For custom ggplot2 enrichment dotplots (manual implementation), see

data-visualization/specialized-omics-plots
.

Setup

Goal: Load required packages for visualizing enrichment analysis results.

Approach: Import clusterProfiler, enrichplot, and ggplot2 which provide the plotting functions for enrichment objects.

library(clusterProfiler)
library(enrichplot)
library(ggplot2)

# Assume ego (enrichGO result), kk (enrichKEGG result), or gse (GSEA result) exists

Dot Plot

Goal: Summarize enrichment results showing gene ratio, count, and significance in a single figure.

Approach: Use enrichplot dotplot which maps gene ratio to x-axis, term to y-axis, dot size to count, and color to p-value.

Most common visualization - shows gene ratio, count, and significance.

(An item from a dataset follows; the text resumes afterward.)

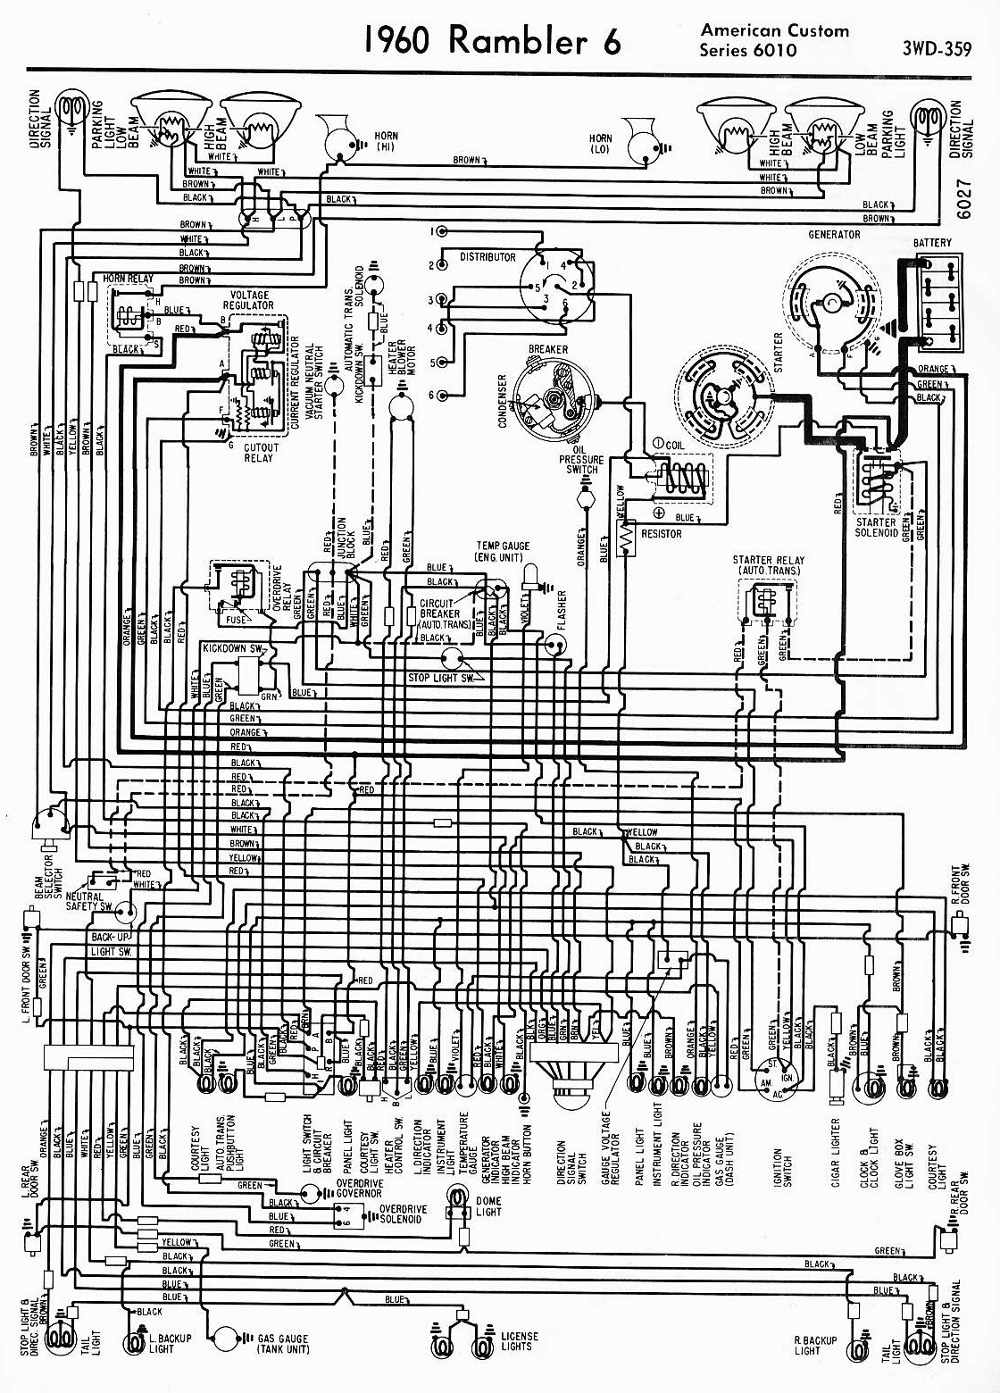 amc car manuals wiring diagrams pdf fault codes rh automotive manuals net AMC Hornet AMC Rambler Cars Sale

dotplot(ego, showCategory = 20)

# Customize
dotplot(ego, showCategory = 15, font.size = 10, title = 'GO Enrichment') +
    scale_color_gradient(low = 'red', high = 'blue')

# Save
pdf('go_dotplot.pdf', width = 10, height = 8)
dotplot(ego, showCategory = 20)
dev.off()

Bar Plot

Shows enrichment count or gene ratio.

barplot(ego, showCategory = 20)

# Customize
barplot(ego, showCategory = 15, x = 'GeneRatio', color = 'p.adjust')

Gene-Concept Network (cnetplot)

Goal: Visualize which genes contribute to multiple enriched terms, revealing shared biology.

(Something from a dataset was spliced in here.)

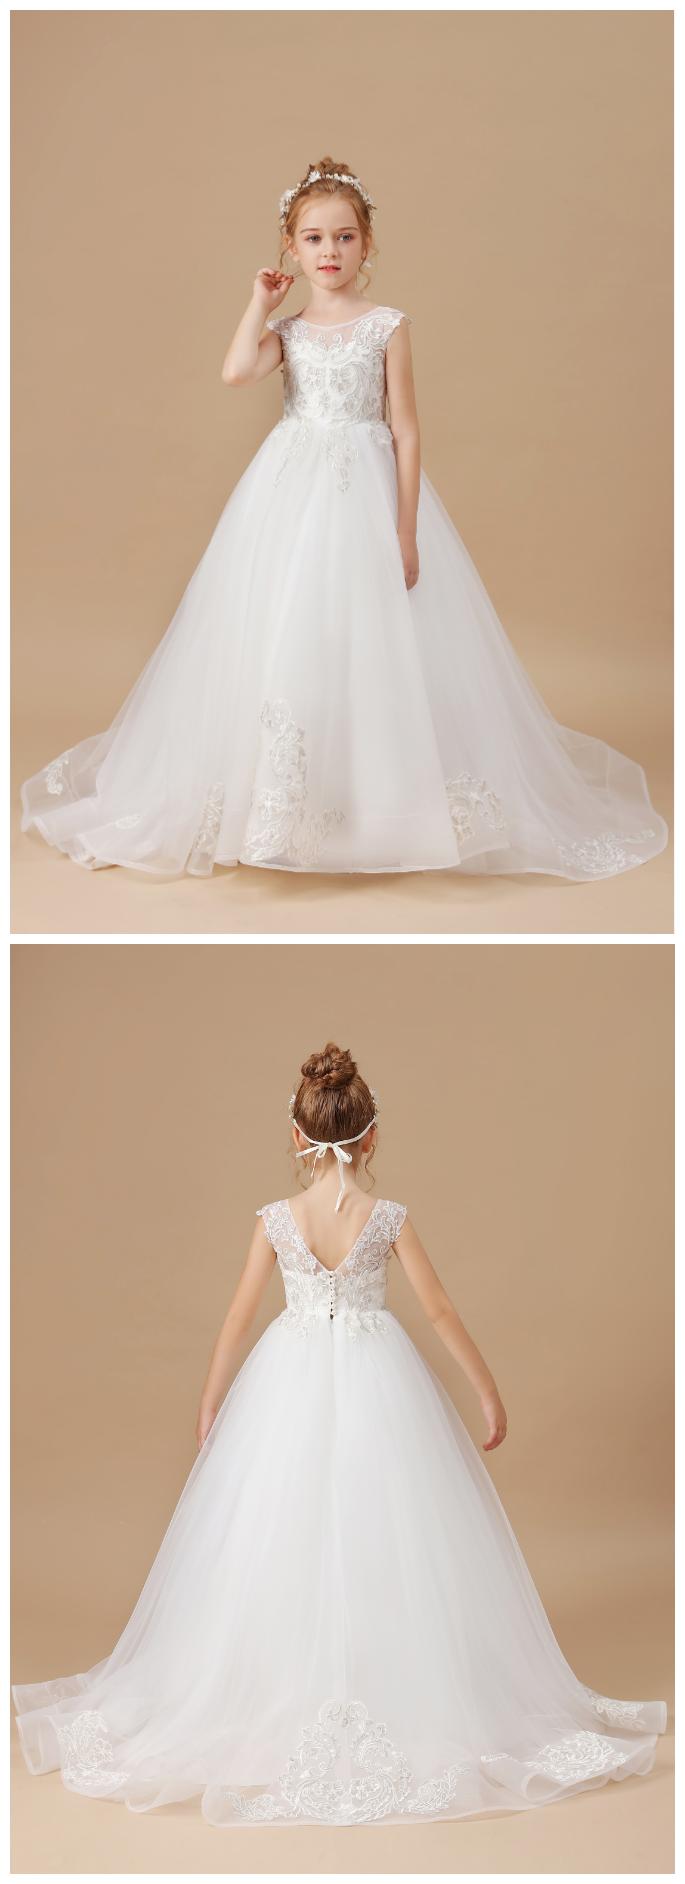 Flower Girl Dresses,Elegant Flower Girls Dress Wedding Party Princess Dress Kids

Approach: Build a bipartite network connecting enriched terms to their member genes, optionally colored by fold change.

Shows relationships between genes and enriched terms.

# Basic cnetplot
cnetplot(ego)

# With fold change colors
cnetplot(ego, foldChange = gene_list)

# Circular layout
cnetplot(ego, circular = TRUE, colorEdge = TRUE)

# Customize node size
cnetplot(ego, node_label = 'gene', cex_label_gene = 0.8)

Enrichment Map (emapplot)

Goal: Identify clusters of related enriched terms by visualizing shared gene overlap.

Approach: Compute pairwise term similarity, then plot as a network where edges connect terms sharing genes.

Shows term-term relationships based on shared genes.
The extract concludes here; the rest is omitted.